It was seen from the results that after being infected with the defective attenuated virus, the body weight of the mice decreased slightly, within 5% on 2nd and 3rd days, and then recovered. On the 5th day, all the inoculated mice except the control group had their body weight returned to the initial stage and then grew normally; and by the 14th day, the mice showed a desirable mental state. In contrast, all 5 mice in the control group inoculated with wild-type PR8 virus died on the 5th day. In addition. 3 d after inoculation, the viral titers of the wild-type PR8 strain were higher than those of the attenuated influenza virus in the turbinate and lung lobe tissues of mice. In lung tissue, the titer of wild-type virus was significantly higher than that of attenuated influenza viruses PR8-M(sn)+Mut6+Del8. PR8-M(sn)+Mut6+Del51, and PR8-M(sn)+Mut6+Del73 (FIG. 4). A small amount of PR8-M(sn)+Mut6+Del8 recombinant virus could still be detected in lung lobe tissues, which demonstrated that the attenuated strains produced by a same method were different in toxicity: In another aspect, the results of pathological sections showed that the PR8-M(sn)+Mut6+Del73 attenuated virus strain caused a small amount of diffuse lymphocyte infiltration around the bronchi in 2/3 lung lobes of the mouse lung tissue, and the pulmonary interstitium showed moderate fibrosis. The PR8-M(sn)+Mut6+Del8 caused diffuse lymphocyte infiltration around a small amount of bronchi in 1/3 of the lung lobe, and moderate to mild fibrosis was seen in the pulmonary interstitium. The PR8-M(sn)+Mut6+Del51 only caused diffuse lymphocyte infiltration around a small number of lung lobes. It was seen that the different attenuated strain induced different degree of pathology and sparked different immuneresponse strength. Among them, the PR8-M(sn)+Mut6+Del8 strain was relatively more toxic (FIG. 4).
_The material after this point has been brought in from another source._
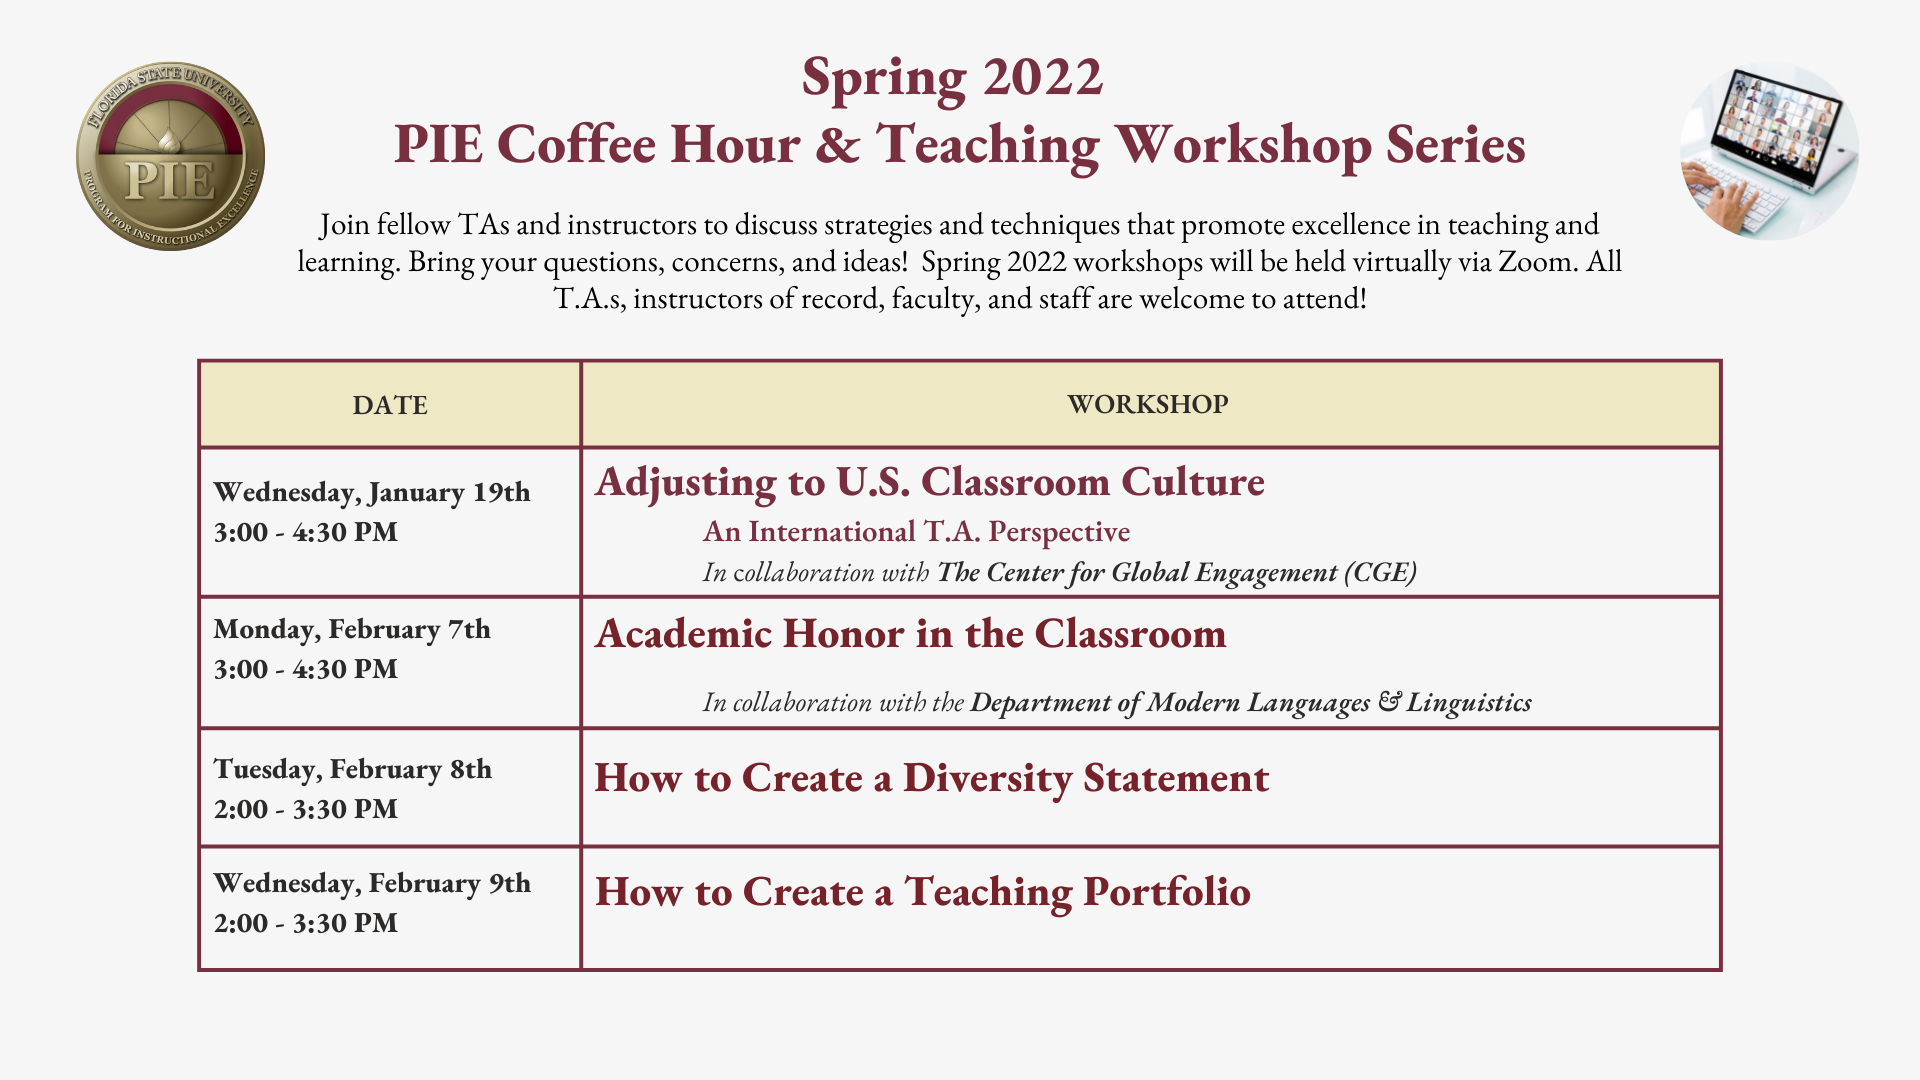 Spring 2022 PIE Coffee Hour & Teaching Workshop Series Dates

The above results in FIG. 3 and FIG. 4 showed that the defective influenza virus rescued by the present disclosure was generally safe in mice and did not cause death in mice. However, the viral titer post 3 days-inoculation and pathogenicity of the strains to mice were different. The strain with slower virus shedding was PR8-M(sn)+Mut6+Del8 comprehensively (FIGS. 4 and 5).

TABLE 3
Results of serum HI antibody

	Attenuated virus strain	HI
	PR8-M (sn) + Mut6 + Del8	28
	PR8-M (sn) + Mut6 + Del28	24
	PR8-M (sn) + Mut6 + Del51	26
	PR8-M (sn) + Mut6 + Del73	27
	PR8-M (sn) + Mut6 + Del111	26

14 d after the mice were infected with the virus, the serum HI antibodies were shown in Table 3. From the results in Table 3, it was seen that the mice produced effective HI antibody titers, and an average HI level could reach 2⁴ to 2⁸. Among them, PR8-M(sn)+Mut6+Del8 and PR8-M(sn)+Mut6+Del73 strains had excellent immune effects and could achieve complete protection. The attenuated strain PR8-M(sn)+Mut6+Del28 had obviously insufficient immunogenicity. In addition, the results in FIG. 6 showed that all strains could protect mice from virus infection after challenge. Except that the body weight of the mice in the PR8-M(sn)+Mut6+Del51 group changed greatly, the body weight of the mice in the PR8-M(sn)+Mut6+Del8 and PR8-M(sn)+Mut6+Del73 groups basically remained stable. It was seen that the PR8-M(sn)+Mut6+Del51 virus strain had the weakest toxicity. However, based on the results of the HI antibody titer and the challenge test, the immunogenicity of the PR8-M(sn)+Mut6+Del51 strain was weaker than that of the PR8-M(sn)+Mut6+Del8 and the PR8-M(sn)+Mut6+Del73. The above results further illustrated that the attenuated influenza virus of the present disclosure produced effective antibodies against influenza HA, but the attenuated viruses produced by different attenuation methods showed different immunogenicities.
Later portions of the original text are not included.